1. 17 Feb, 2012 2 commits
    • Srikar Dronamraju's avatar
      uprobes, mm, x86: Add the ability to install and remove uprobes breakpoints · 2b144498
      Srikar Dronamraju authored
      Add uprobes support to the core kernel, with x86 support.
      
      This commit adds the kernel facilities, the actual uprobes
      user-space ABI and perf probe support comes in later commits.
      
      General design:
      
      Uprobes are maintained in an rb-tree indexed by inode and offset
      (the offset here is from the start of the mapping). For a unique
      (inode, offset) tuple, there can be at most one uprobe in the
      rb-tree.
      
      Since the (inode, offset) tuple identifies a unique uprobe, more
      than one user may be interested in the same uprobe. This provides
      the ability to connect multiple 'consumers' to the same uprobe.
      
      Each consumer defines a handler and a filter (optional). The
      'handler' is run every time the uprobe is hit, if it matches the
      'filter' criteria.
      
      The first consumer of a uprobe causes the breakpoint to be
      inserted at the specified address and subsequent consumers are
      appended to this list.  On subsequent probes, the consumer gets
      appended to the existing list of consumers. The breakpoint is
      removed when the last consumer unregisters. For all other
      unregisterations, the consumer is removed from the list of
      consumers.
      
      Given a inode, we get a list of the mms that have mapped the
      inode. Do the actual registration if mm maps the page where a
      probe needs to be inserted/removed.
      
      We use a temporary list to walk through the vmas that map the
      inode.
      
      - The number of maps that map the inode, is not known before we
        walk the rmap and keeps changing.
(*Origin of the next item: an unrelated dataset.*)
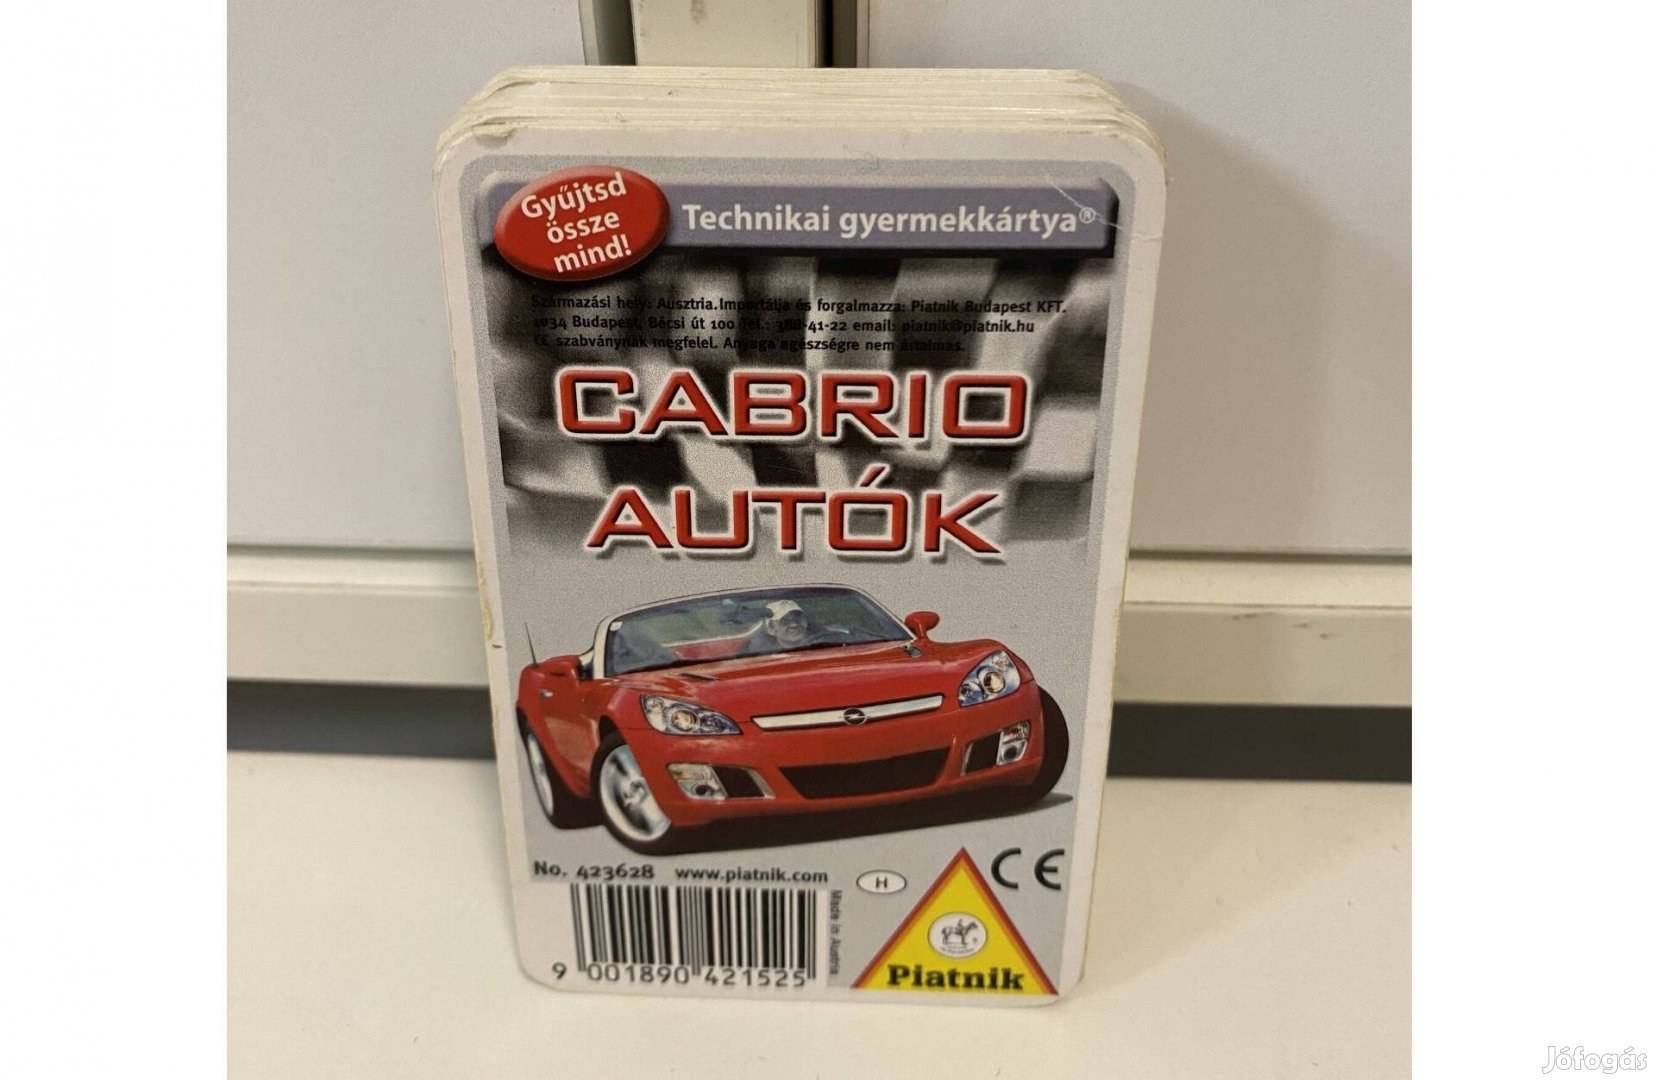 Cabrio autók piatnik technikai gyermekkártya kártya csomag
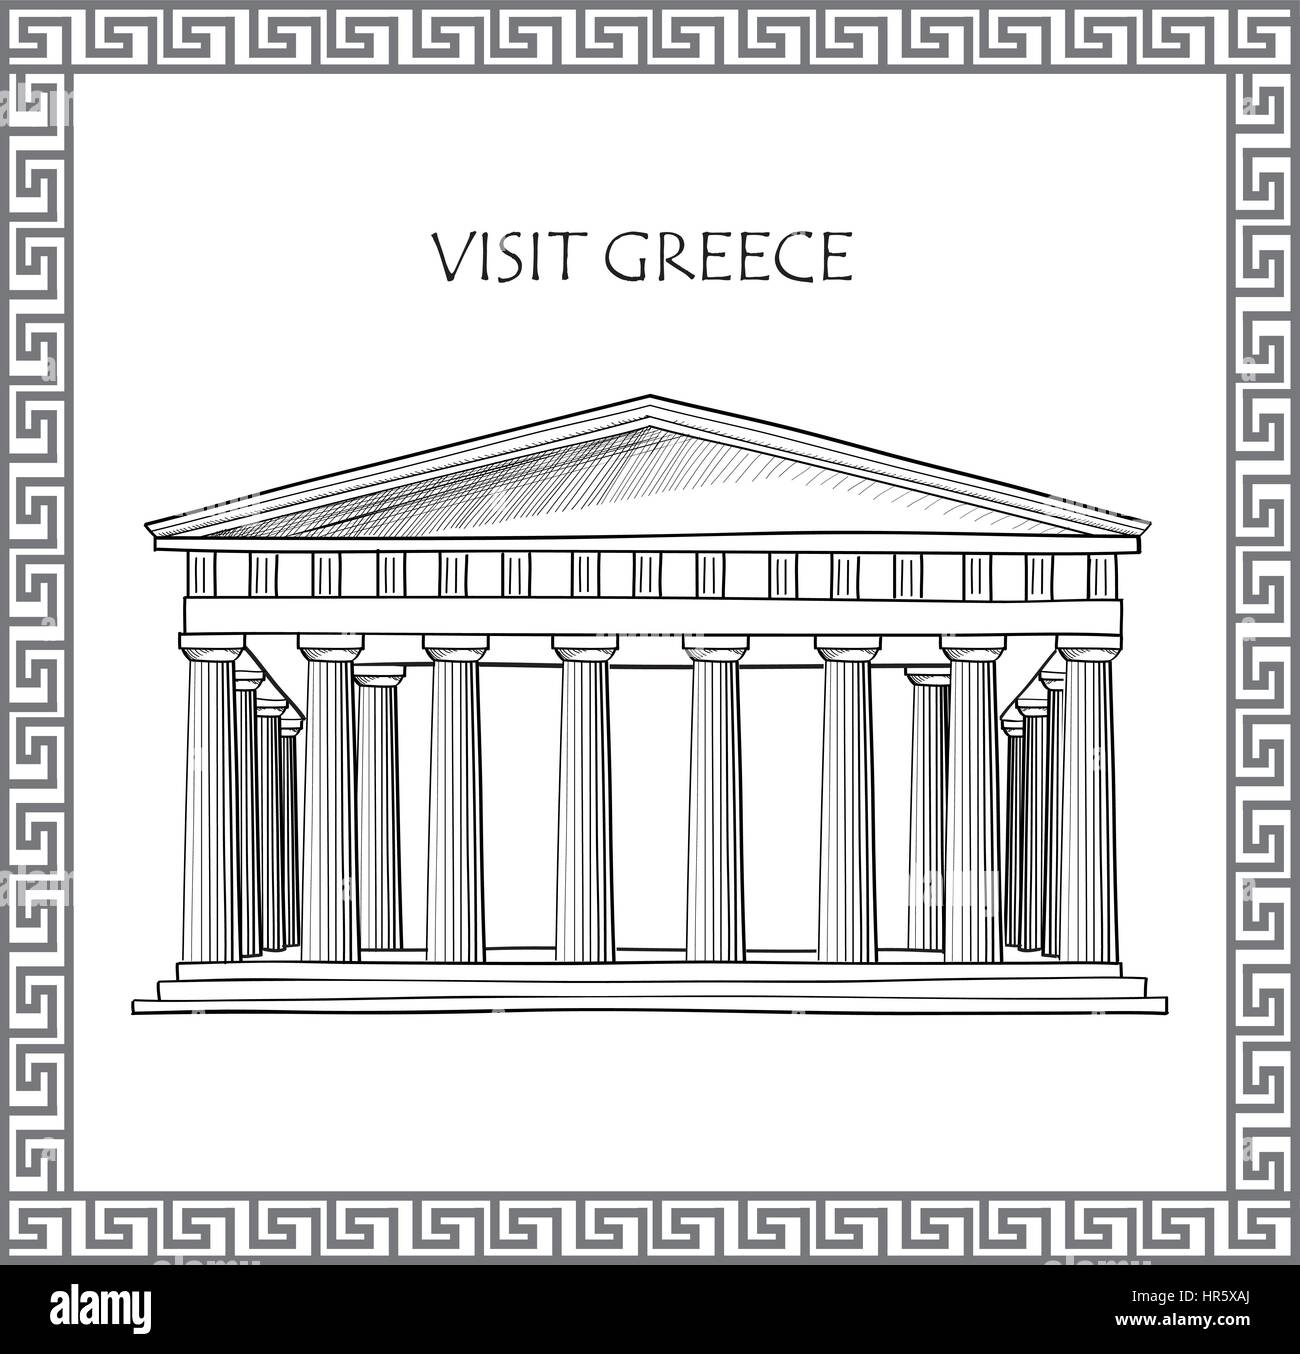 Die Akropolis in Athen, Griechenland. besuchen sie Griechenland Karte. Zierpflanzen traditionelle griechische Vektor Rahmen. Stock Vektor

      - extending vm_area_struct wasn't recommended, it's a
        size-critical data structure.
      - There can be more than one maps of the inode in the same mm.
      
      We add callbacks to the mmap methods to keep an eye on text vmas
      that are of interest to uprobes.  When a vma of interest is mapped,
      we insert the breakpoint at the right address.
      
      Uprobe works by replacing the instruction at the address defined
      by (inode, offset) with the arch specific breakpoint
      instruction. We save a copy of the original instruction at the
      uprobed address.
      
      This is needed for:
      
       a. executing the instruction out-of-line (xol).
       b. instruction analysis for any subsequent fixups.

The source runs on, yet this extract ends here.